Похоже, победоносный символ указывал на тщетность всего, что пытался сделать Хэкворт. Однако в последнее время сеятель доброго и вечного приучил себя думать, что как ни малы его дела, они все же принесут свои плоды. Прежде чем переехать в Кейвтаун и возглавить церковь Двенадцати апостолов, он два года вовсе ничего не делал. Тогда было неизмеримо хуже. Здесь, по крайней мере, он боролся, а не дрейфовал по ветру. Если уж и ему, и обитателям Пещер суждено провалиться в тартарары, то они провалятся, сражаясь до последнего. Бок о бок.
Его мысли прервал женский голос.
— Знаете, надо было бы позвать сюда парнишку, который сделал это, а заодно и его дружков и попросить их расписать всю эту стену. Пусть изобразят Христа в Гефсиманском саду или Тайную Вечерю. Похоже, это единственный способ покончить с безобразием.
Энтони обернулся. В первый раз за утро его лицо осветилось улыбкой.
— Вы сегодня рано, Глория. Пришли дать мне совет или помочь расставить стулья?
— Я иду к мессе у святого Павла.
Глория Макуэн подошла ближе и остановилась рядом. Это была маленькая женщина неопределенного возраста, смуглая и седовласая. Сегодня на ней был прекрасно сохранившийся зеленый костюм из искусственного шелка по моде сороковых годов и соломенная шляпка с короткой зеленой вуалью.
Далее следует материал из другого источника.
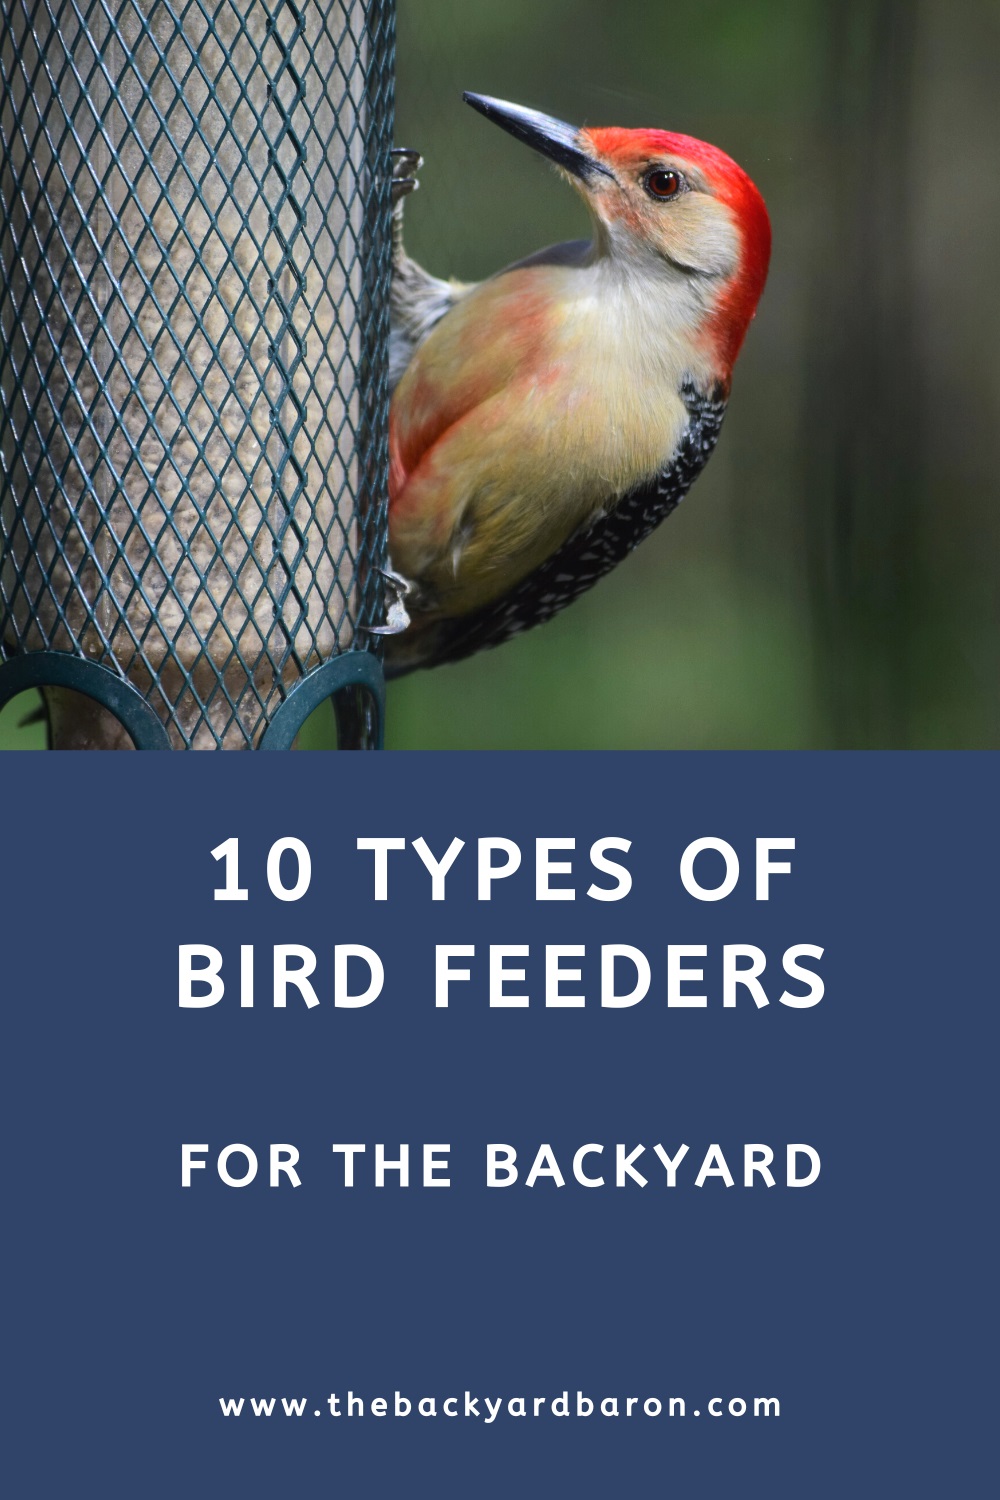 10 Bird feeder types for the backyard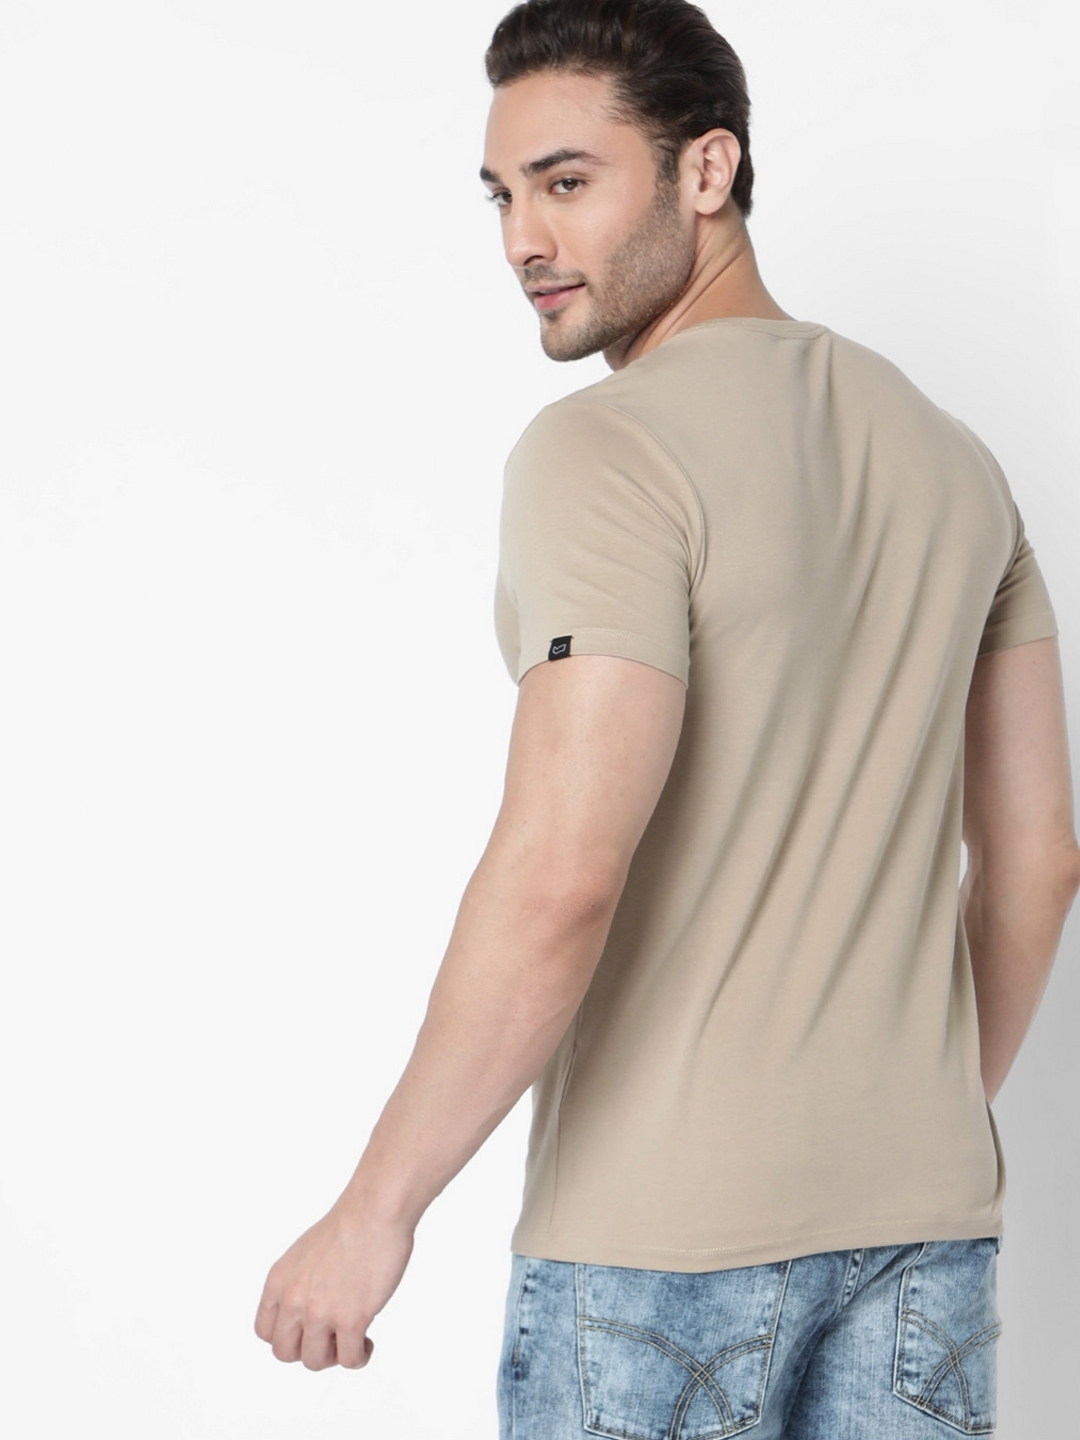 Men's Scuba Gas Printed Round Neck Sand Beige T-Shirt

Глория жила в Кейвтауне с незапамятных времен. Она преподавала в местных школах, служила в муниципалитете и заседала в любом комитете, если он того заслуживал. Ее болезненной страстью было желание создать нормальный город из места, которое другие называли просто и смачно — «загон».
— Надо сказать, мальчишки не без таланта. — Она вскинула голову. — Держу пари, тут не обошлось без Габриеля Браво. Его учила рисовать мать. Она была славная женщина. Целыми часами возилась с сыном. А однажды утром взяла и исчезла. Папаша же его — человек конченый.
— Пару раз наши пути с мистером Браво пересекались.
— Ветхий Завет с этой стороны… — Глория указала на противоположную стену. — Новый Завет — с этой. Пожалуй, Габриэль справился бы.
— Когда я в последний раз видел этого новоявленного Рафаэля, тот мочился на ступеньки церкви.
— Он пытался обратить на себя ваше внимание.
— И преуспел в этом. — Энтони сложил руки на груди. — А как же с сегодняшней службой?
— Ваша очередь через неделю. — Женщина поправила висевшую на плече сумку. — Приходится соблюдать расписание.
— А вы не пробовали раздвоиться?
— Вам будет очень недоставать меня сегодня? На какую тему проповедь? Что-нибудь интересное?
— Чудо с хлебами и рыбами.
— Только не напускайтесь на людей, как вы обычно это делаете. Они приходят сюда, чтобы слегка вкусить от Божьей благодати. Люди устали от напоминаний, что они должны изменить мир. Большинство сидят здесь, чтобы помолиться о лишнем часе сна или о лишнем куске за завтраком.
— Значит, Господь существует для того, чтобы набивать их желудки?
— У него для этого больше возможностей, чем у нас.
— Я несу им кусочек Господа.
— Если так, не забудьте и себе прихватить. — Она пожала священнику руку и ушла, прежде чем тот сообразил, что ей ответить.
Энтони выглянул в окно, следя за тем, как маленькая фигурка Глории исчезает в осеннем утреннем тумане.
Внезапно из того же тумана вынырнули трое молодых людей. Все трое были одеты в распахнутые на груди длинные темные пальто с разрезом и грязноватого цвета ковбойки, из-под которых выглядывали зеленые футболки армейского образца. Впрочем, между ними была кое-какая разница. Один носил тщательно отутюженные брюки цвета хаки, двое других — джинсы. У одного на голове красовалась нахлобученная на уши черная охотничья каскетка, у другого — бейсбольная кепка, перевернутая козырьком назад, а у третьего не было ничего, за исключением двух заплетенных косичек и по-военному точного пробора.
Энтони достаточно хорошо знал их, чтобы понять: парня в черной каскетке следует опасаться.
Они шли не медленно и не быстро. Скорее, выступали с таким видом, словно были хозяевами этого тротуара, этой улицы и ее окрестностей. Однако если бы они двигались по другой стороне, то их походка была бы совсем другой: крадущейся и вызывающей. Они были членами «Мустангов» с Восточной улицы; другая сторона, где начинался район новостроек Грейфолдские камни, была вотчиной «Стаи».
А то место, на котором стоял Хэкворт, поджидая свою малочисленную паству, коей предстояло попытаться отыскать смысл в собственном существовании, принадлежало Господу, в которого священник больше не верил.